İstanbul’da sabah
sabahın ilk ışıkları düşüyor yedi tepeli şehre
Eminönü’nde martılar telaşla kanat çırpıyor
Galata köprüsünde balıkçılar
ilk oltasını atıyor umudun bulanık sularına
vapurlar boğazın tuzunu savurarak
içine çekiyor yükünü bu sabah.
işçiler uyanıyor emekleriyle döşüyor yolları
fabrika kapılarında alınterini dökmeye hazır
çekiç sesleri çınlıyor güneşin ilk ışıklarıyla
demir, çelik, taş, toprak, her biri destan
İstanbul’u yeniden inşa ediyor nasırlı eller
gözlerinde gecenin yorgun izleri.
memurlar kravatlarına düğüm atıp
sıraya diziliyor otobüs duraklarında
gözlerinde hesaplanmış saatler
büroların, dosyaların griliğinde kaybolmaya hazır.

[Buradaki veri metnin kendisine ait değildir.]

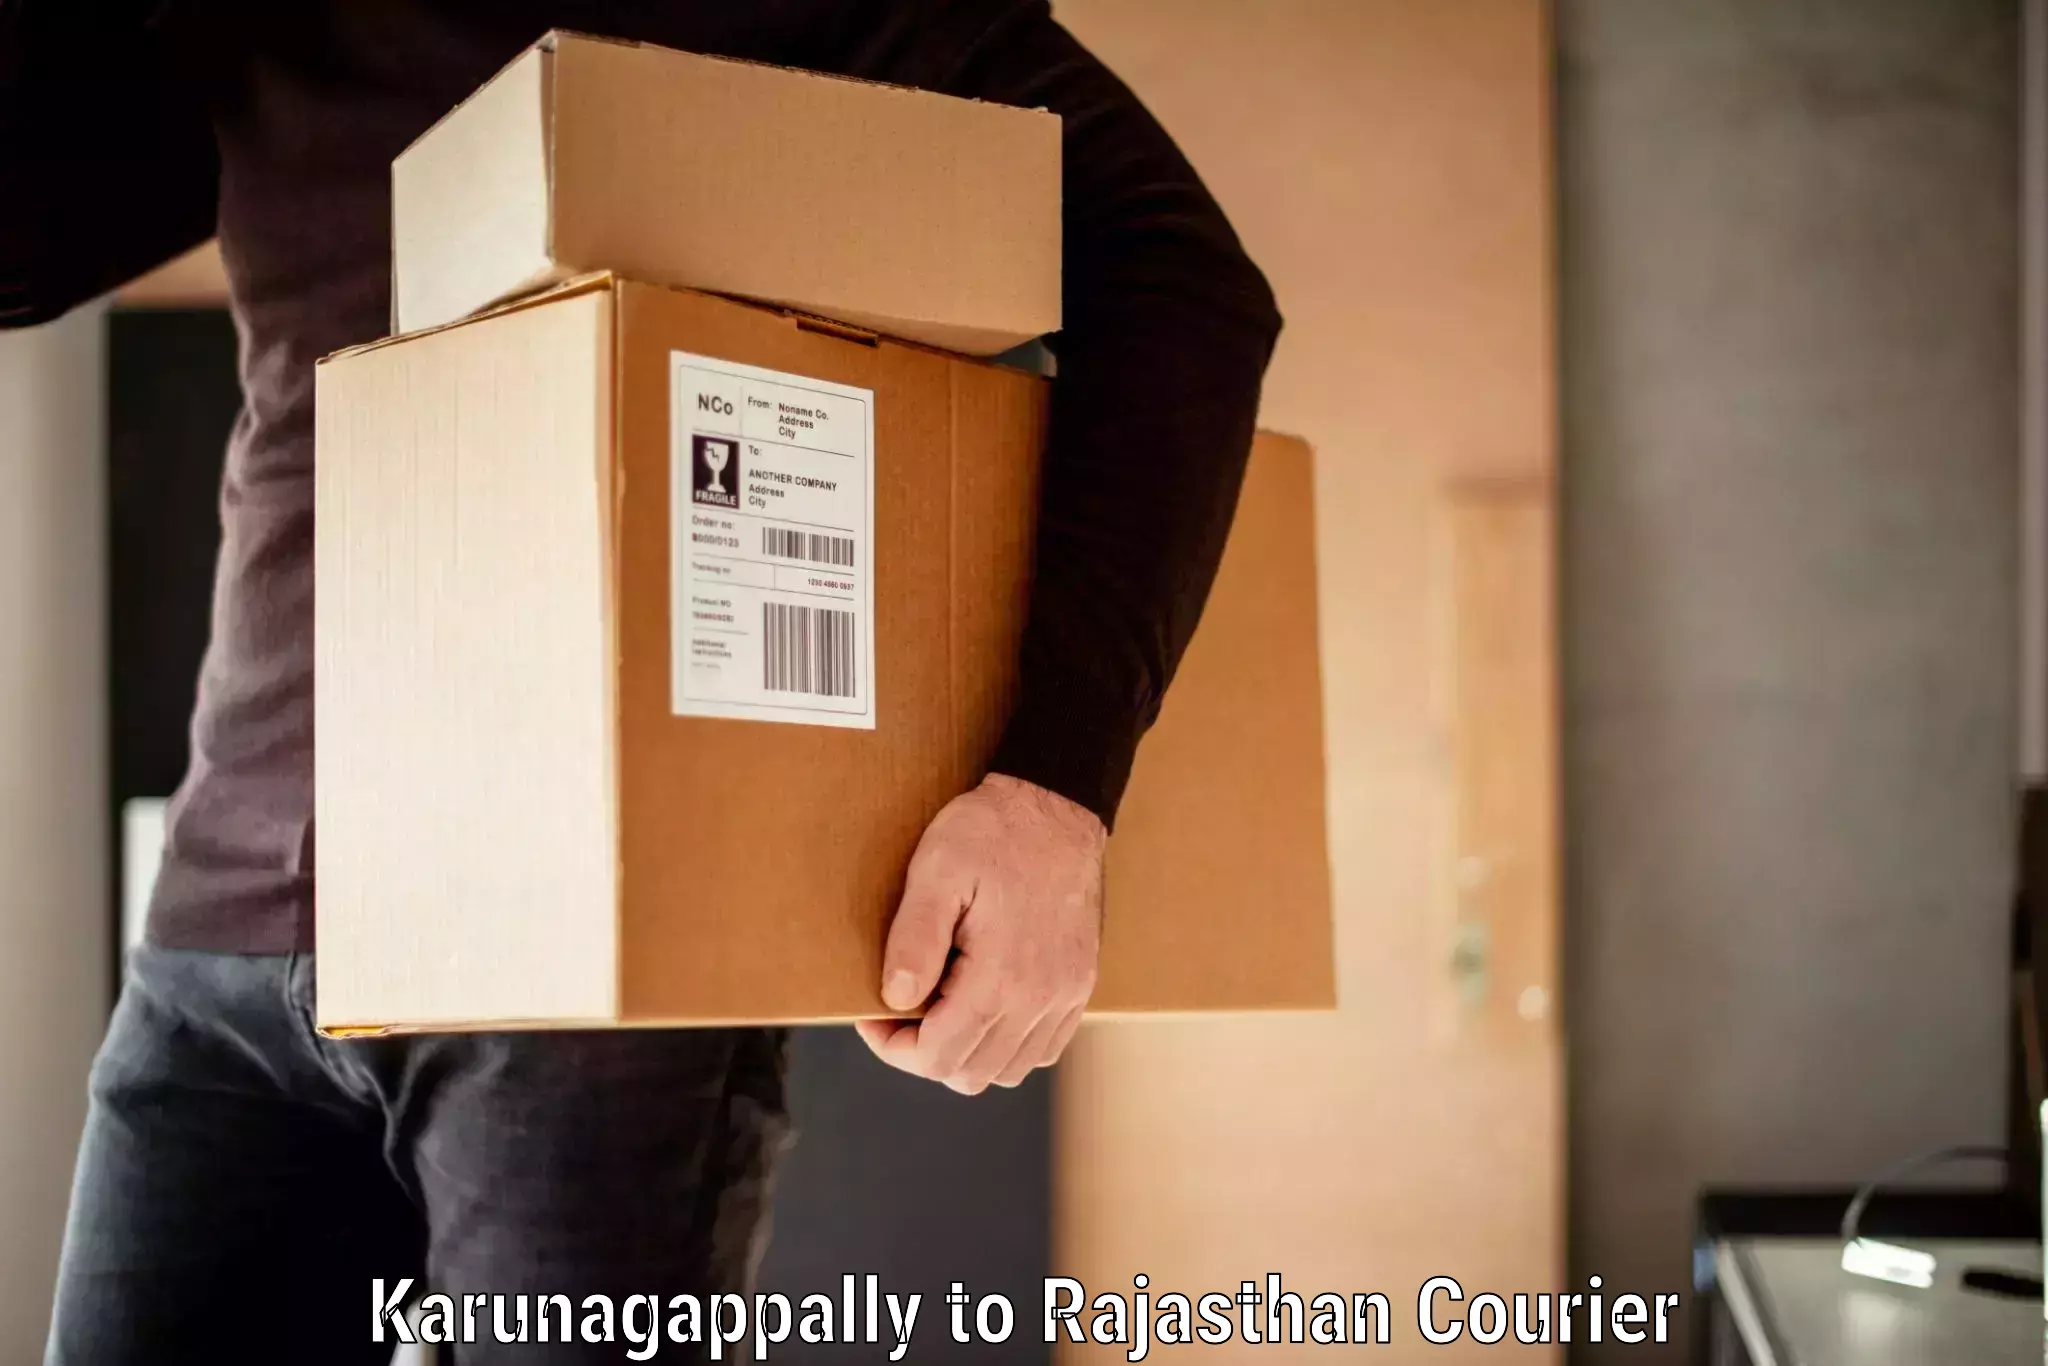 Baggage transport scheduler Karunagappally to Rajasthan

öğrenciler çantalarında gelecek taşıyan yolcular
sıraya dizilmiş hayallerle doluyor sınıflara
bir öğretmenin sesi yankılanıyor koridorda
kalemi kılıç yapan bir neslin hevesiyle.
kadınlar bu şehrin suskun nehirleri
çamaşır ipinde savrulan umutlarıyla
bir pazar filesinin ağırlığında
evladına ekmek taşıyan
sabahın en güçlü sesleriyle yürüyor.
simitçiler şehrin aç karnına ilk lokmayı uzatanlar
sabaha susam kokusu karışıyor
“taze simit, sıcak simit” diye yankılanan sesler
bir şarkı dolanıyor sokak aralarında.
gazeteciler gerçeğin karanlık kuyularından
günün ilk haberini çekip çıkarıyor
bir matbaa gürültüsü yankılanıyor duvarlarda
mürekkep kokusuyla yazılıyor sabahın manşeti.
şoförler direksiyon başında nöbette
her kavşakta, her kırmızı ışıkta
şehri sırtlayan demir atlılar
götürüyor umudu semt semt, mahalle mahalle.
işsizler cebinde kırışmış hayaller
kaldırım kenarlarında yeni bir günün yüküyle
her sabah tekrar başlayan bir mücadelede
yeniden, yeniden doğuyor sokaklarda.
lümpenler gecenin tozundan arınıp
sabahın ilk ışıklarında kayboluyor gölgelerde
her duvar yazısında bir isyan
her paslı banka kazınmış eski bir cümle.
İstanbul’da sabah oluyor
gök gürültüsünden doğmuş halk
sırtında yılların yorgunluğuyla
gözlerinde parlayan o kadim ateşle
biliyor bu şehir, unutmaz hiç
sabahın en keskin köşelerinde
bir çığlık gibi yükselen emeği
gün doğarken dirilen umudu.
İstanbul’da sabah oluyor
emekçiler; hepsi bir ağızdan haykırıyor:
“emeğimizle kuracağız yarını!”
Mart 2025 – İstanbul
Gürel SÜRÜCÜ
(MayaDergi On İki)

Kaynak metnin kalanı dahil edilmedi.